Correia lembra que nem sempre foi assim. Na década de 1990, os cursos de Engenharia figuravam entre os mais disputados, tanto em universidades públicas quanto privadas. Atualmente, no ranking dos mais concorridos, estão abaixo de Psicologia, Design ou Cinema, só para citar alguns exemplos. “Como um país vai entrar na nova onda de industrialização mundial, com digitalização da indústria, inteligência artificial, robótica, nanotecnologia, se não tiver engenheiros na quantidade necessária?”, questiona o reitor do ITA.
Para se ter ideia da gravidade do quadro, há menos candidatos do que vagas nas IES brasileiras. Segundo o diretor da Faculdade de Engenharia da Universidade Federal de Juiz de Fora, Hélio Antônio da Silva Hélio, são ofertadas 302 mil vagas, mas somente 120 mil estão ocupadas.
Questões culturais
A pouca atratividade dos cursos de Engenharia é um fenômeno de alcance mundial. Mas, no Brasil, a situação parece ser mais grave: o problema não se restringe propriamente às Engenharias, estendendo-se a boa parte das áreas tecnológicas. É fato que cada vez menos estudantes demonstram interesse também Agronomia e Geociências.
Além disso, essa é uma profissão dependente da política econômica. A lógica é simples: se o país cresce, precisa de mais profissionais da área. Isso significa que existe uma forte relação entre os cursos de Engenharia e o ritmo de crescimento da economia.
Sendo assim, a queda nas matrículas tem a ver com a falta de fôlego da expansão econômica brasileira nos últimos anos, o que inclui um decréscimo da atividade industrial. Com isso, o mercado de trabalho não evolui. A remuneração dos profissionais deixa de ser atraente e muitas ofertas de emprego não oferecem a realização profissional almejada pelos jovens.
Há também uma questão cultural. Em declaração à Revista do Conselho Regional de Engenharia e Agronomia do Paraná (CREA-PR), o presidente do Instituto Lobo de Pesquisa e Gestão Educacional, Roberto Lobo, lembrou que o Brasil tem uma larga tradição de formar mais advogados do que engenheiros: “Ou seja, as empresas gastam mais dinheiro se defendendo dos tributos e processos do que em inovação”.

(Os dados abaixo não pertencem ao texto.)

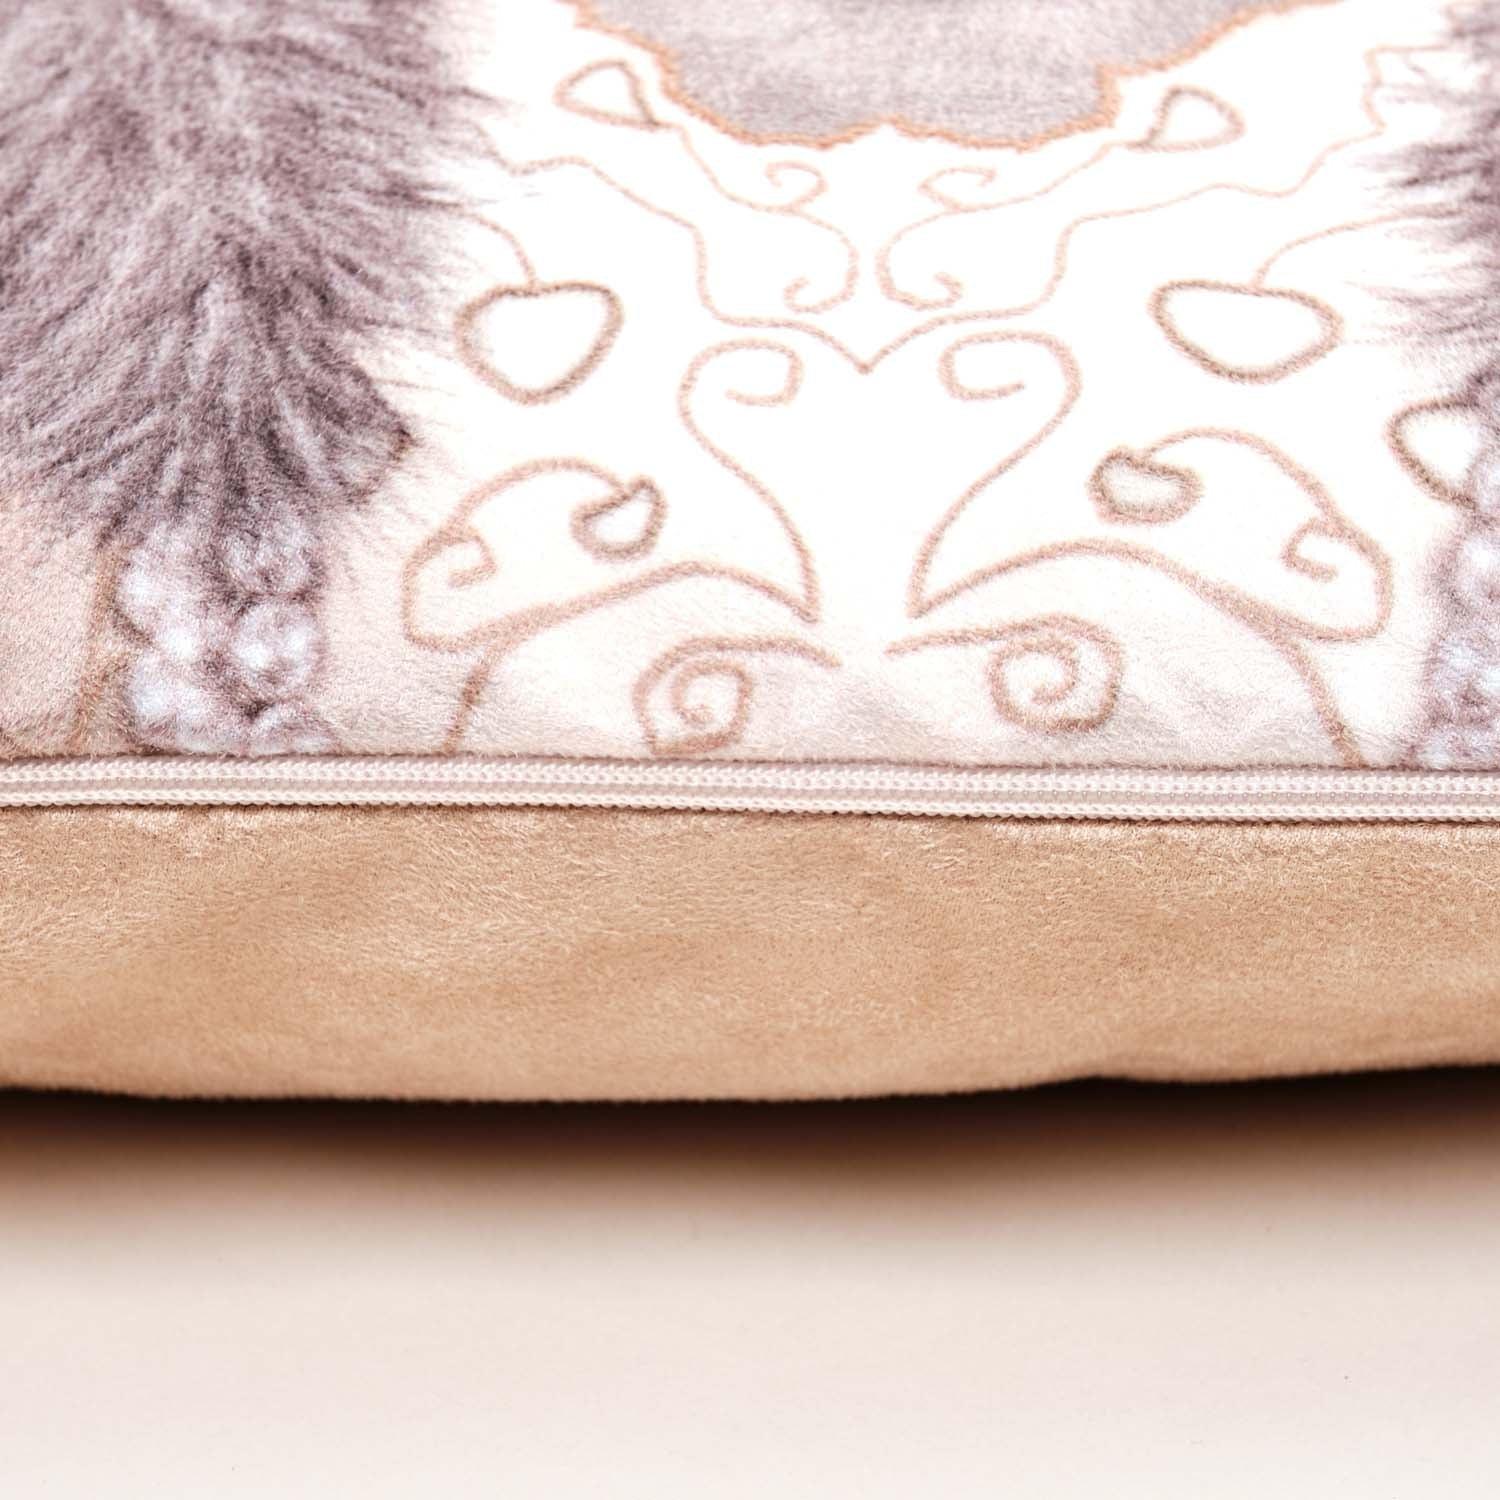 Mr. Mercury - Pets Rock Cushion - Handmade Cushions UK - WeLoveCushions

Outro detalhe a considerar é a baixa qualidade da educação básica no Brasil, o que se reflete no ensino superior. Há poucas experiências de educação digital, como atividades de computação, programação e robótica nos currículos tanto do ensino fundamental quanto do médio. Desse modo, os alunos não são estimulados a procurar cursos da área tecnológica na hora de decidir o seu futuro profissional.

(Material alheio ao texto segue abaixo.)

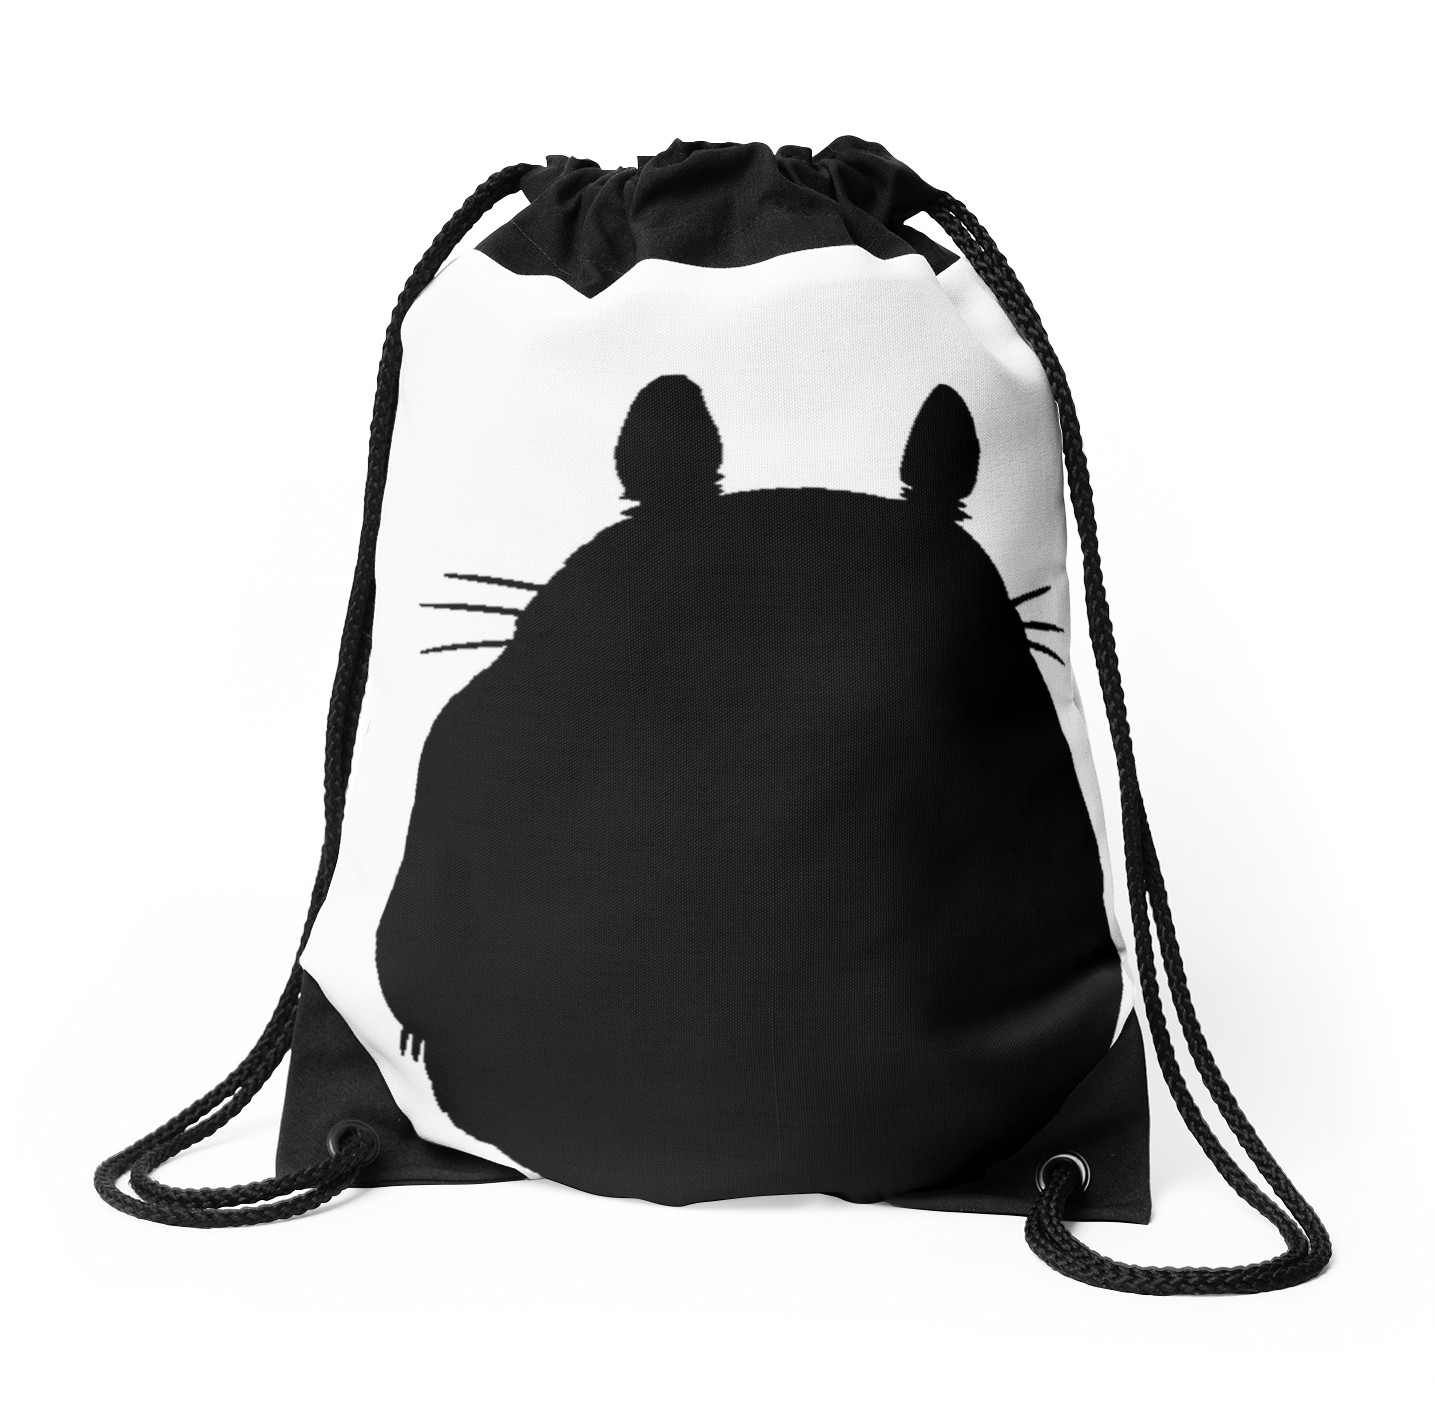 Totoro Silhouette at GetDrawings | Free download

Empresas têm dificuldades para achar profissionais qualificados
Além da baixa procura, a qualidade dos cursos é questionada, já que existe uma grande carência por bons profissionais na área. Pelo menos é o que mostrou o relatório O futuro das Engenharias no Brasil 2023, divulgado pela Mútua – Caixa de Assistência dos Profissionais do CREA. Conforme o levantamento, nada menos do que 70% das empresas consultadas afirmaram ter dificuldades para contratar engenheiros com a qualificação adequada.
De acordo com a pesquisa, mais de 50% dos profissionais são egressos de cursos com conceitos 1 e 2 (baixo desempenho) no Exame Nacional de Desempenho dos Estudantes (Enade). Milhares de profissionais não conseguem inserção no mercado ou atuam na informalidade. O trabalho da Mútua aponta ainda que, dos quase 1,3 milhão formados entre os anos 2000 e 2020, 477 mil não se registraram no Sistema Confea-CREA.

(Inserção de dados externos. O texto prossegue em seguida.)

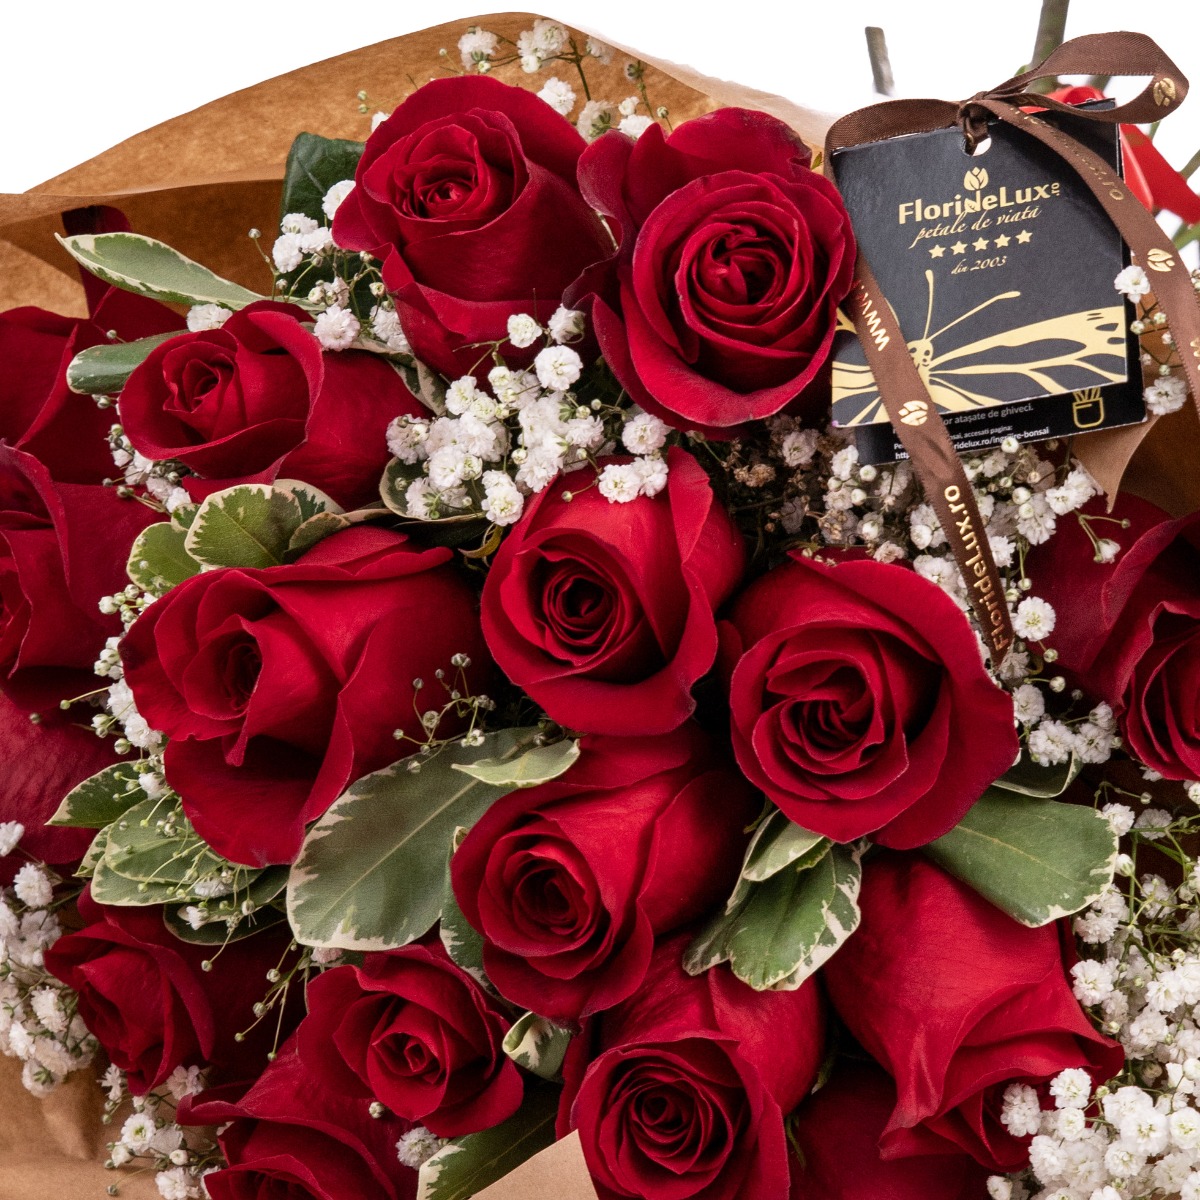 Buchet romantic trandafiri With You

“A má formação não afeta somente os próprios profissionais, mas também o país, que não consegue se posicionar de forma competitiva em um ambiente global onde conhecimento e inovação definem quem terá relevância econômica e influência”, afirmou o engenheiro agrônomo Francisco Almeida, diretor presidente licenciado da Mútua.